## WORK REQUIRED
Using the data below, output a verbatim copy of the lines between the one holding "World Nuclear Spotlight Poland" and the one holding "Sun Bum Mango", inclusive, without any pictures.

## DATA SUPPLIED
•••••

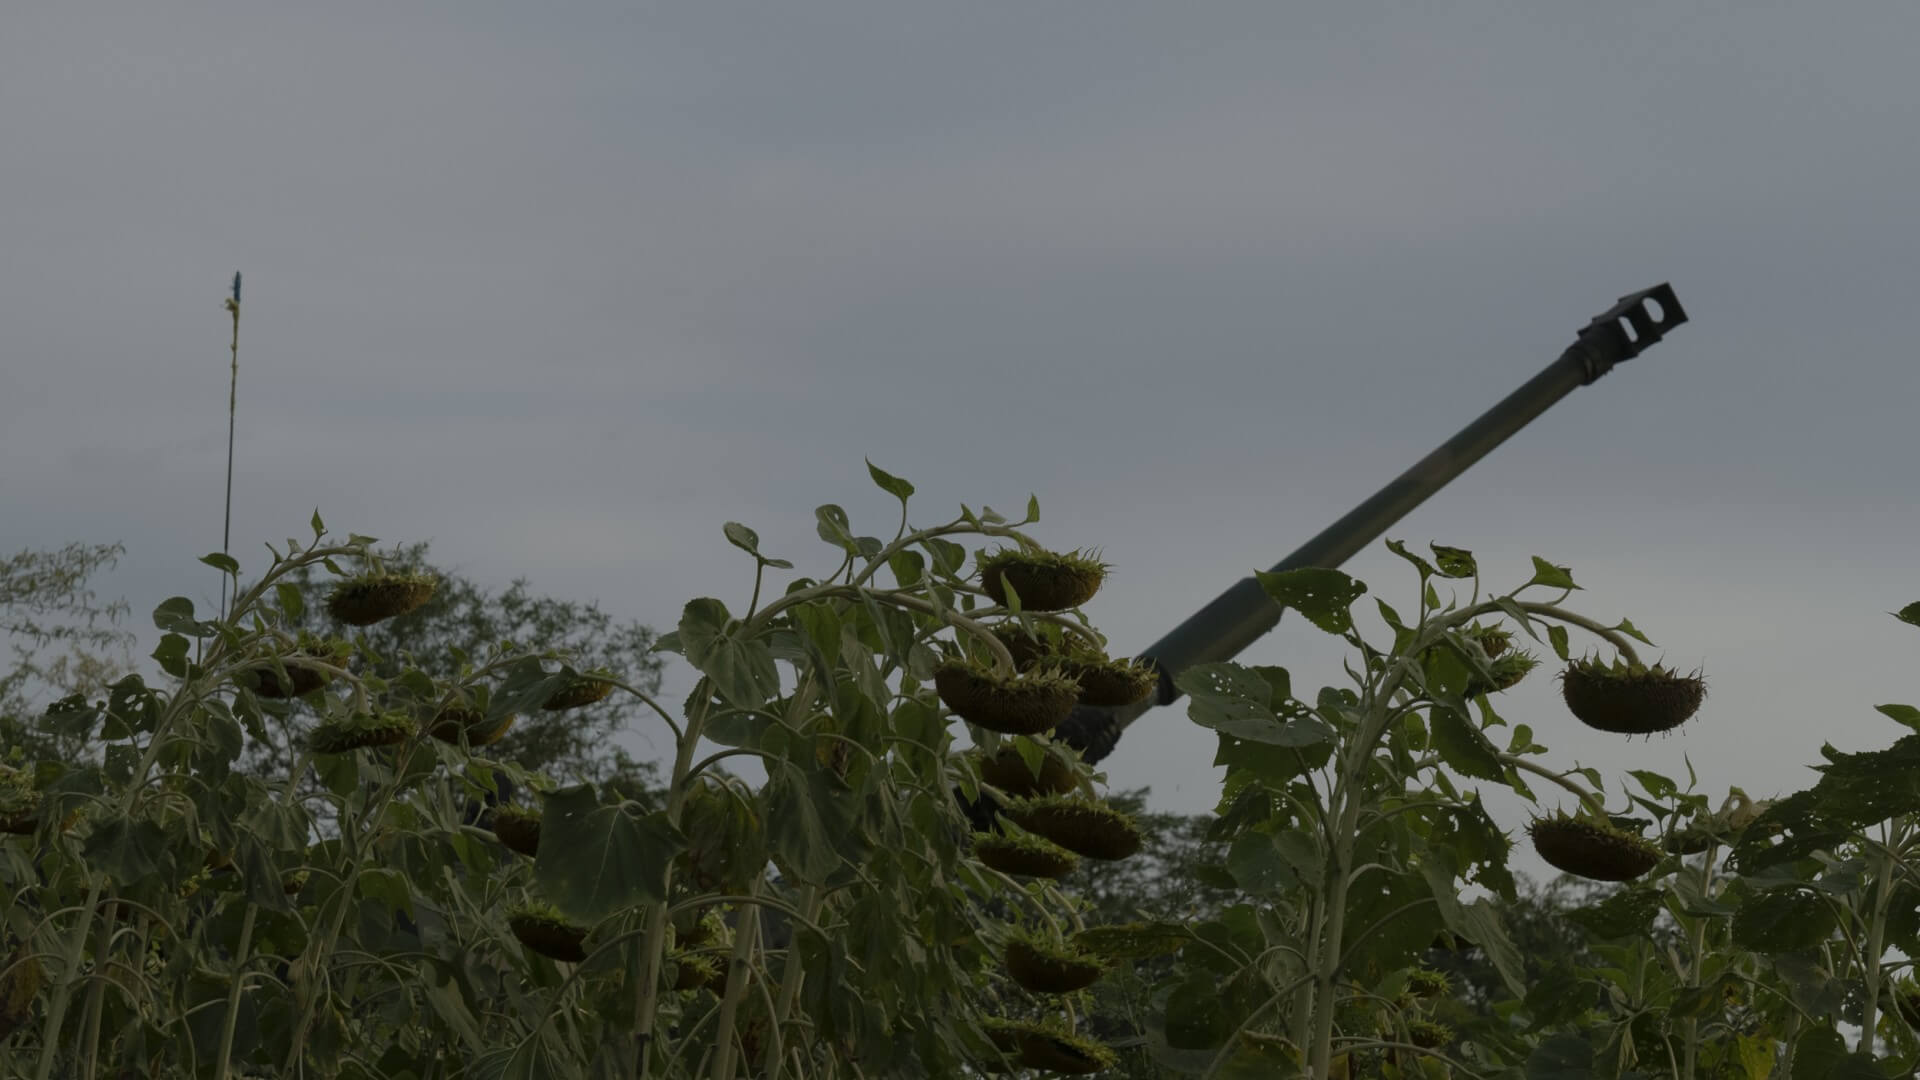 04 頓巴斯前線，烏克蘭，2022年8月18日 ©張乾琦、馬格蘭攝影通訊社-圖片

•••••

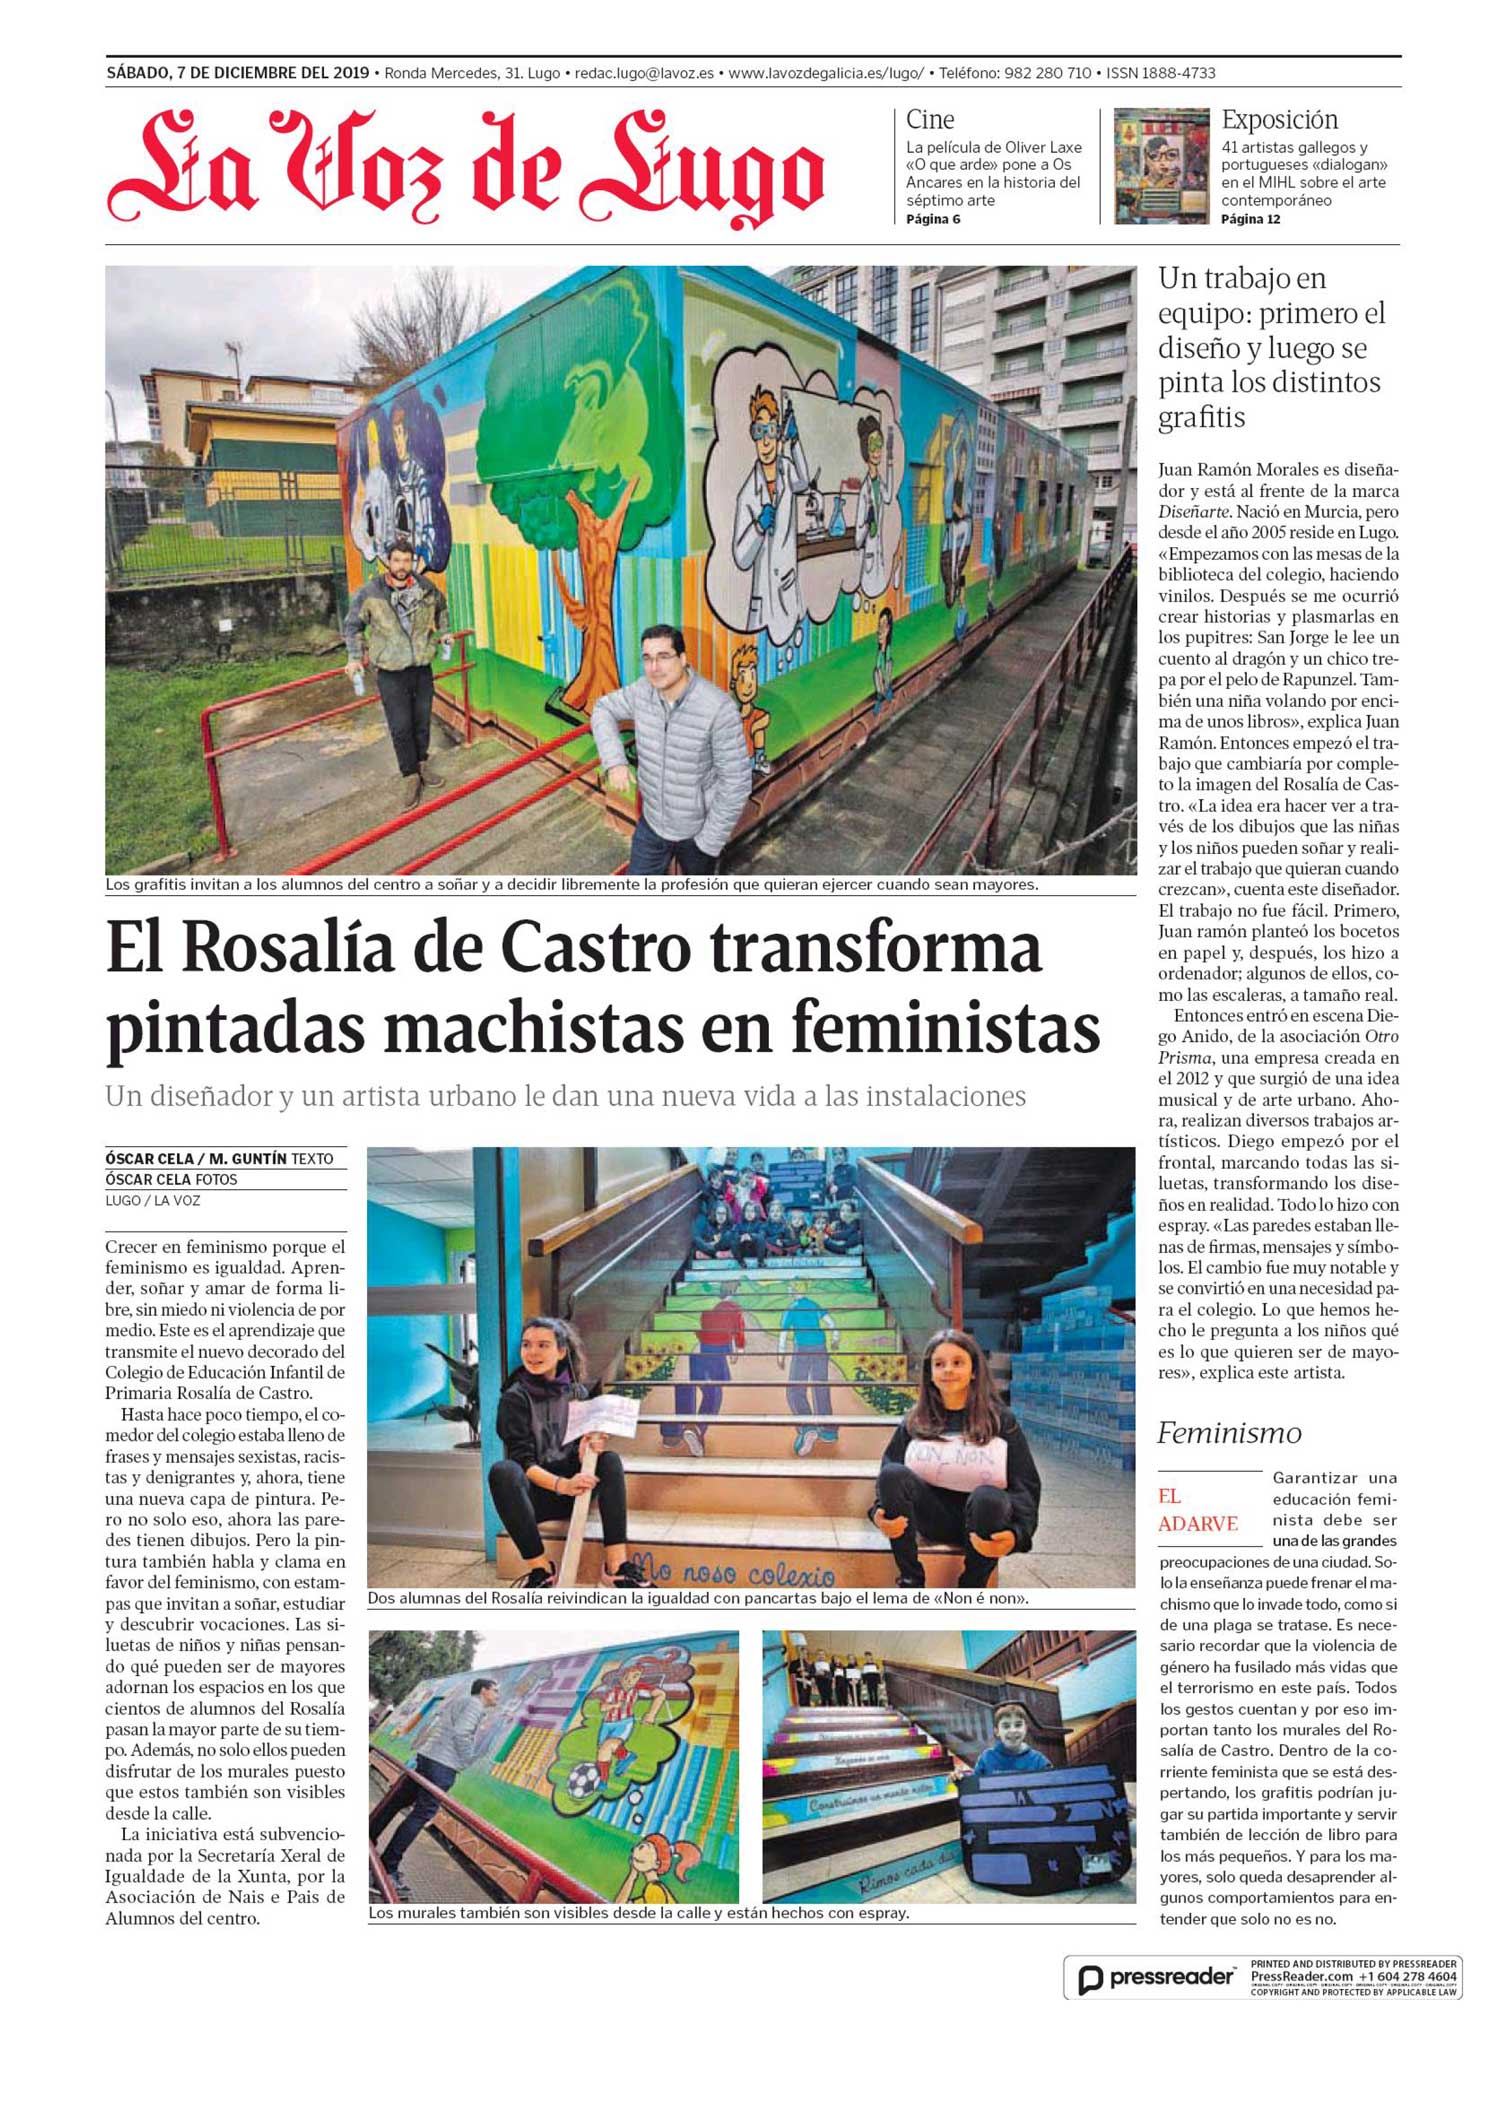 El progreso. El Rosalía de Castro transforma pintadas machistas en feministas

•••••

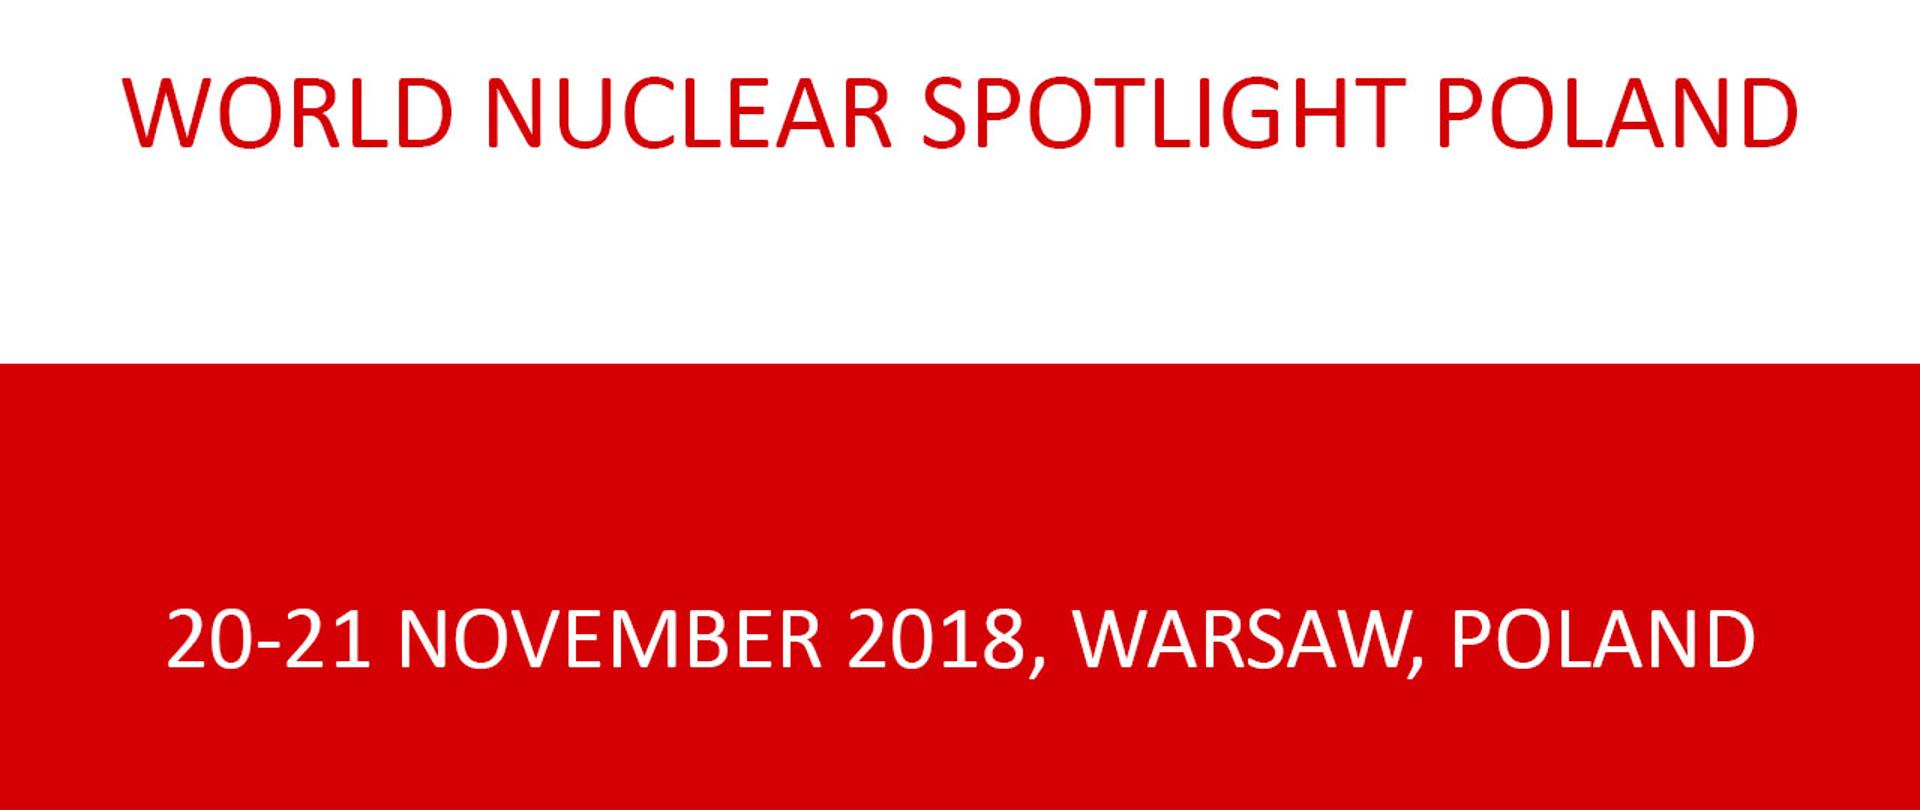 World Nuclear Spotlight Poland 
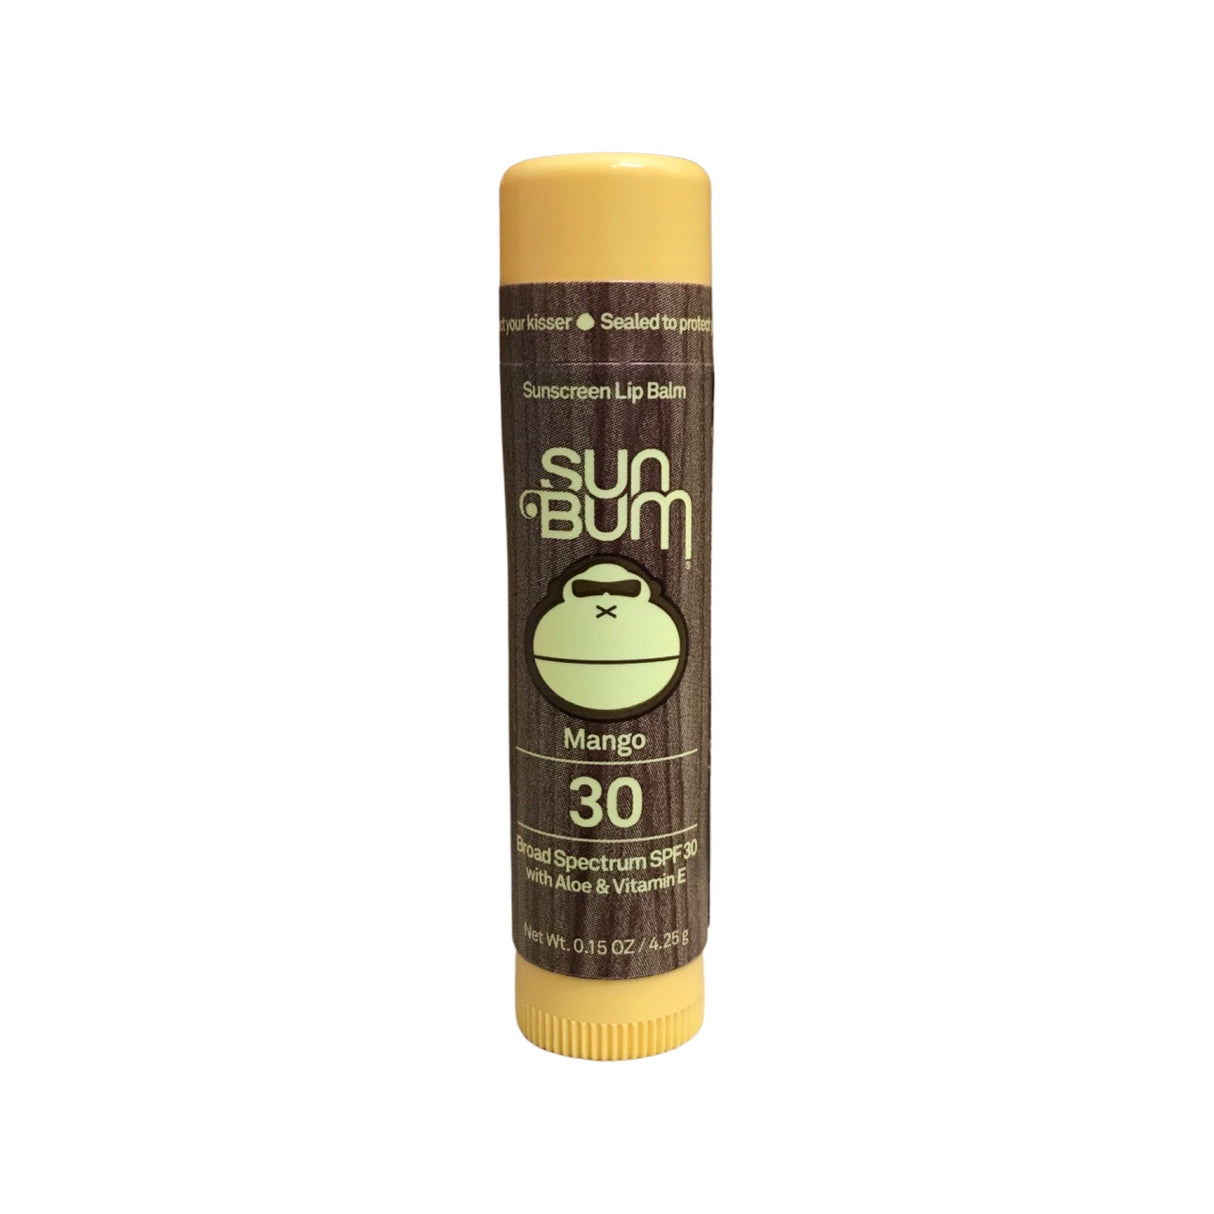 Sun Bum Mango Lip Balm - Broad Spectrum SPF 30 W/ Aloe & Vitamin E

•••••

## TASK RESULT
 World Nuclear Spotlight Poland 
 Sun Bum Mango Lip Balm - Broad Spectrum SPF 30 W/ Aloe & Vitamin E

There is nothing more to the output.